Daren O'Leary
- Born: Daren Stephen O'Leary 27 June 1973 (age 52) Harold Wood, England
- Height: 6 ft 0 in (1.83 m)
- Weight: 15 st 0 lb (95 kg)

Rugby union career
- Position: Wing

Senior career
- Years: Team / Apps / (Points)
- 1991–1992: Saracens
- 1992–2001: Harlequins / 193 / (559)
- 2001–2003: Gloucester / 23 / (25)
- 2004–2005: Worcester / 15 / (0)
- –: Moseley
- –: Barbarian F.C.

= Daren O'Leary =

English rugby union player

Daren O'Leary (born 27 June 1973 in Harold Wood, England) was a rugby union player who represented Saracens, Harlequins, Gloucester, Worcester and Moseley. Now retired, he is a professional rugby union agent with Top Marque Sports.

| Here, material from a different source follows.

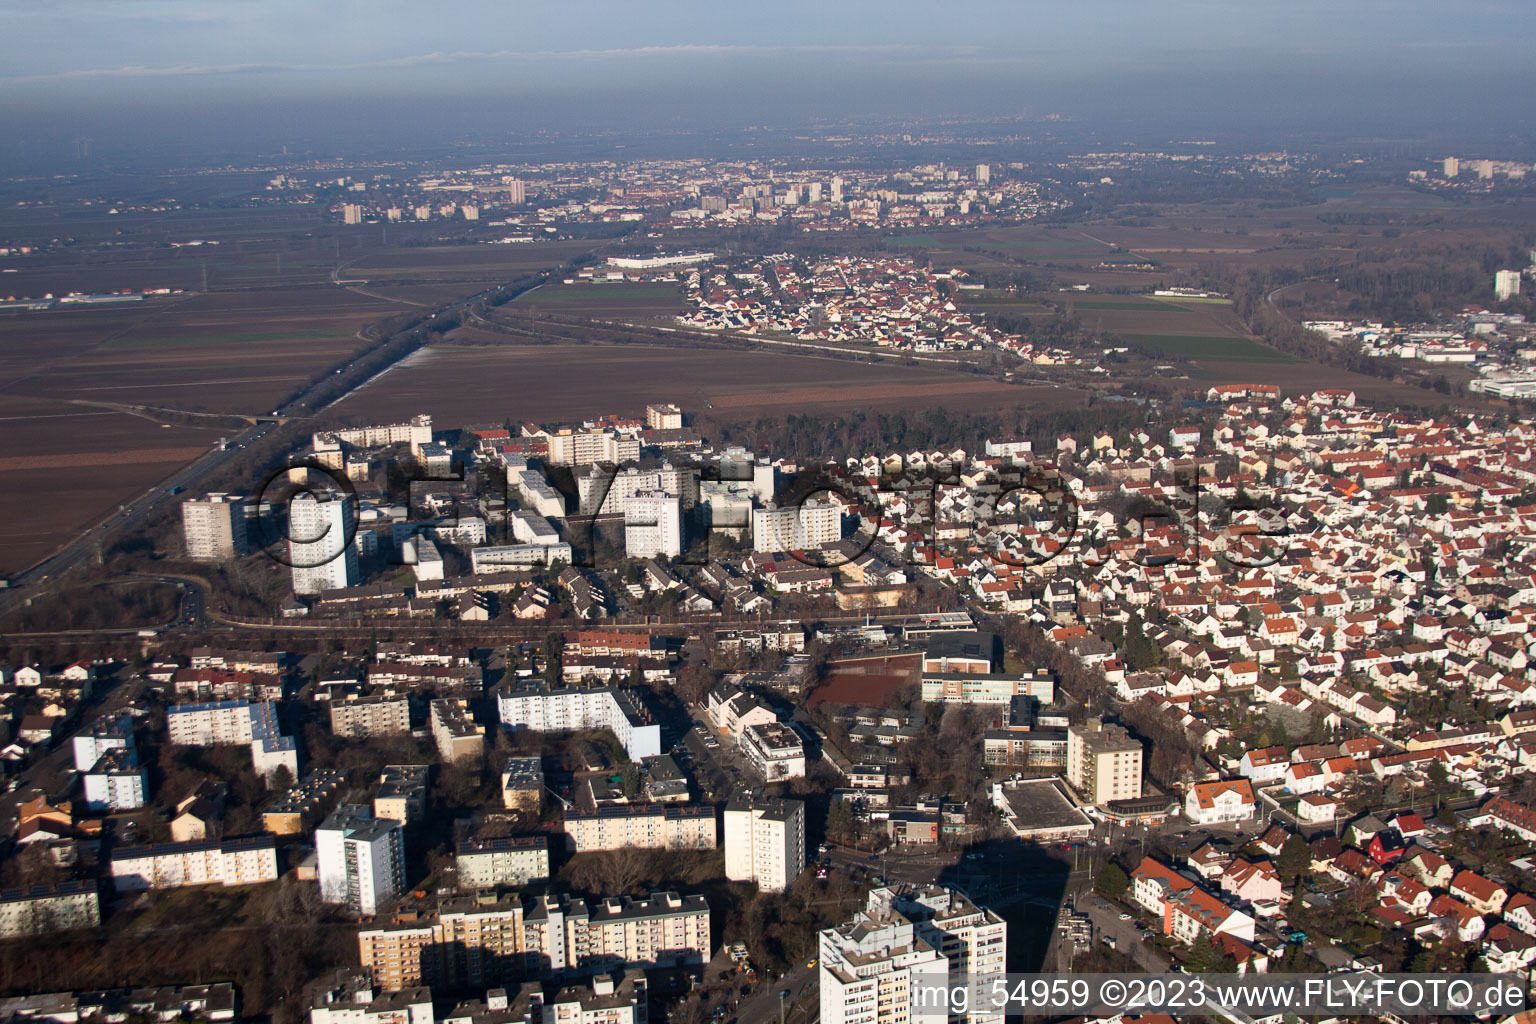 Ortsteil Oggersheim in Ludwigshafen am Rhein im Bundesland Rheinland-Pfalz, Deutschland aus der Drohnenperspektive

Whilst at Gloucester he started in the 2002 Zurich Championship Final (the year before winning the play-offs constituted winning the English title) in which Gloucester defeated Bristol.

O'Leary was part of the senior England squad for the 1993 Five Nations Championship and the 1997 England rugby union tour of Argentina and Australia, but was ultimately never capped at that level.